From a psychological point of view, I believe a great upheaval including loss of his farm and loss of his wife would more likely encourage a totally new location with a new wife than would only the news of free land in Georgia. I would stay with my first impression, though it means a 34 year-old or older man married a 14 or 15-year-old girl. It is by no means that unusual in the days of yore. My own grandfather Hardin married a 15-year-old in 1915.    

1787: Isaac "Hardy" is in the Georgia Colonial and Head right Plat Index for 148 acres in Wilkes County. On March 11, 1789 Isaac Hardy was called into Wilkes Superior Court to answer a charge by John Lindsay that on or about Feb. 20, 1789 he took 3000 weight of tobacco worth three hundred pounds specie. Any sheriff was authorized to bring him in for trial. It appears Isaac "Hardy" lived on his claim near his neighbor John Lindsay. By census day in August 1790 Isaac Hardin lived in Union District, SC among some former Chatham County neighbors. I believe Isaac Hardin, to avoid going to trial, removed himself and his family from Wilkes County and from Georgia in March 1789.

How Isaac Hardin abandoned his Washington County property and took up in Wilkes County I do not know. Reference 2, Hitz 1954, tells us no law prevented the holders of warrants or certificates from selling them to others, who would present the warrants to lands courts who would issue new warrants in the purchaser's name.
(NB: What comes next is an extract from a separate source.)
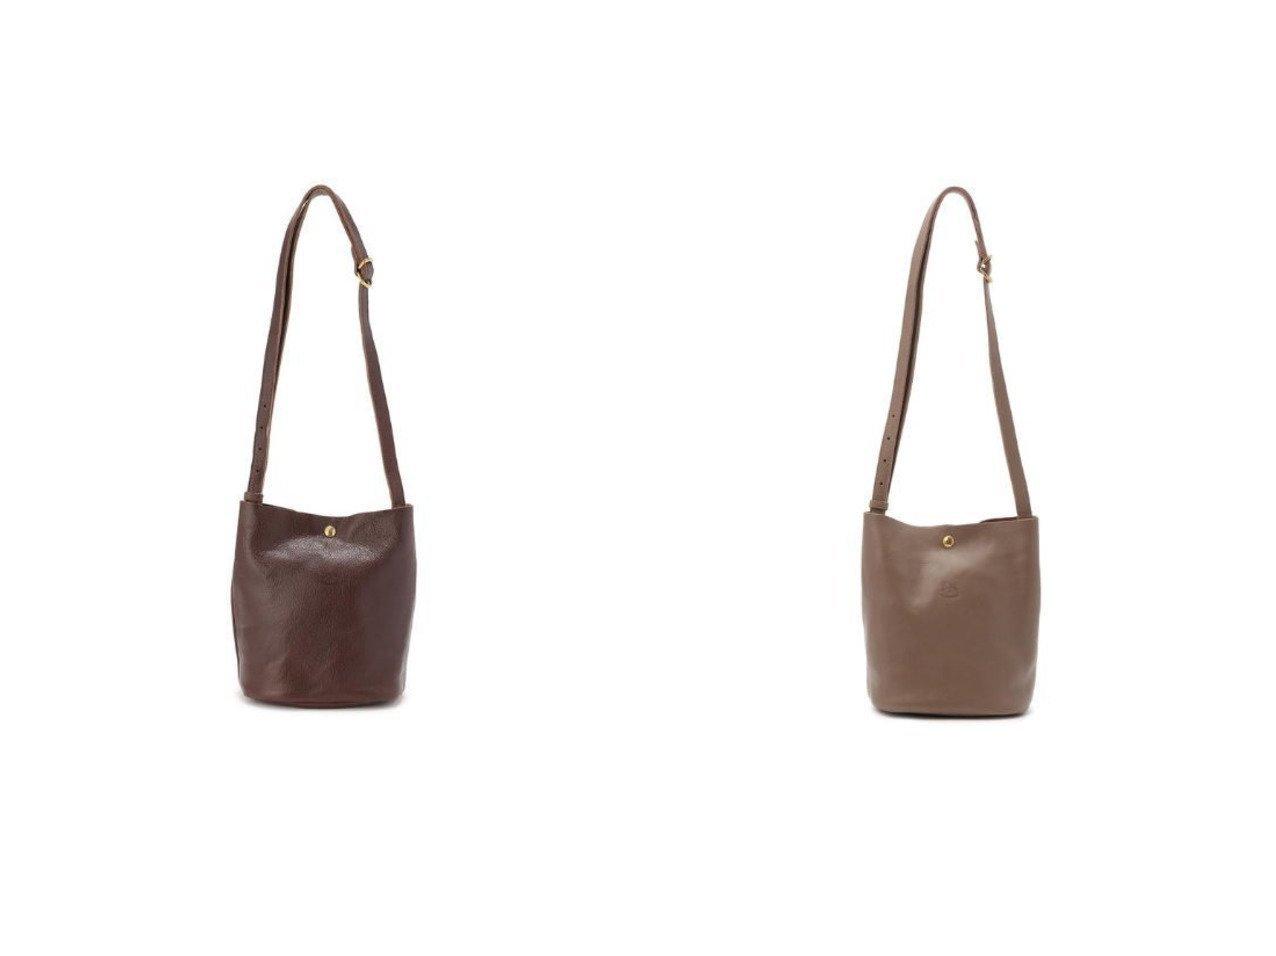 【IL BISONTE/イル ビゾンテ】のショルダーバッグ 【バッグ・鞄】おすすめ!人気、トレンド・レディースファッションの通販 おすすめで人気の流行・トレンド、ファッションの通販商品 インテリア・家具・メンズファッション・キッズファッション・レディースファッション・服の通販 founy(ファニー) https://founy.com/ ファッション Fashion レディースファッション WOMEN バッグ Bag シンプル バケツ フォルム フロント ポケット  ID:crp329100000047568

Isaac Harden (with that spelling) is mentioned as having applied for 200 acres in Wilkes County which was subsumed in a larger claim by John Holden on 6 Sep 1789. I believe the "old warrant of Isaac Hardin's" claimed in September by Holden was the 148 acres on which Hardin lived when he left the state in March.

ADAM HARDIN    
 
1788: Adam "Hardy" is in the Georgia Colonial and Head right Plat Index for 290 acres in Washington County on Sandhill Creek. The Feb. 22, 1785 statute was in effect: No purchase price, only fees; and cultivation was no longer required. No surveys were to be made after Feb. 22, 1786. His descendants write about Sandhill Creek, so Adam received title by some means. The number of acres, 290, is probably explained under the provisions of the Act of Feb 25, 1784 under which bounty grants (for soldiers) were issued in Washington County with a 15% increase in previous acreage instead of being tax free for 10 years. The following were to receive 287.5 acres: Privates in Minute Battalions; Privates in Militia; Refugee Private in Militia; Seamen in Galleys; Citizens; and Deserter from British. The amount of land received by Adam "Hardy" implies he was in one of the above categories. It says nothing of his marital status.

Adam's Washington County survey was two years after his cousin Isaac's. 

On 1789 Oct 29, Adam Harden (with that spelling) received 200 acres in Wilkes County "by Wheeler's lands." The deed was registered on 10 Nov 1789. Note this date is after the theorized departure of Isaac Hardin from Wilkes County.

1790 June 14 Adam Harden receives title from Governor Telfair for 290 acres in Washington County. It was registered 2 days later. The land adjoined Anderson, Braswell, Burk, Wood and Williams.  

DAVID CLAY (who married Eve Hardin)

1785 Dec 5 David Clay receives a warrant of survey for 200 acres in Washington County on Buffalo Creek. It may be a coincidence that Isaac Hardin warrant was in the same month. David Clay's, dated Dec 5, 1785 was in Book F p. 350; Isaac Hardin's, dated 1785 was on page 365.

I am unclear which brother EVE HARDIN traveled with and when, or when and where she met David Clay. Did they travel together from Chatham County or meet in Georgia? She married him Sep 26, 1792 in Warren County, at least seven years after he appears in Georgia.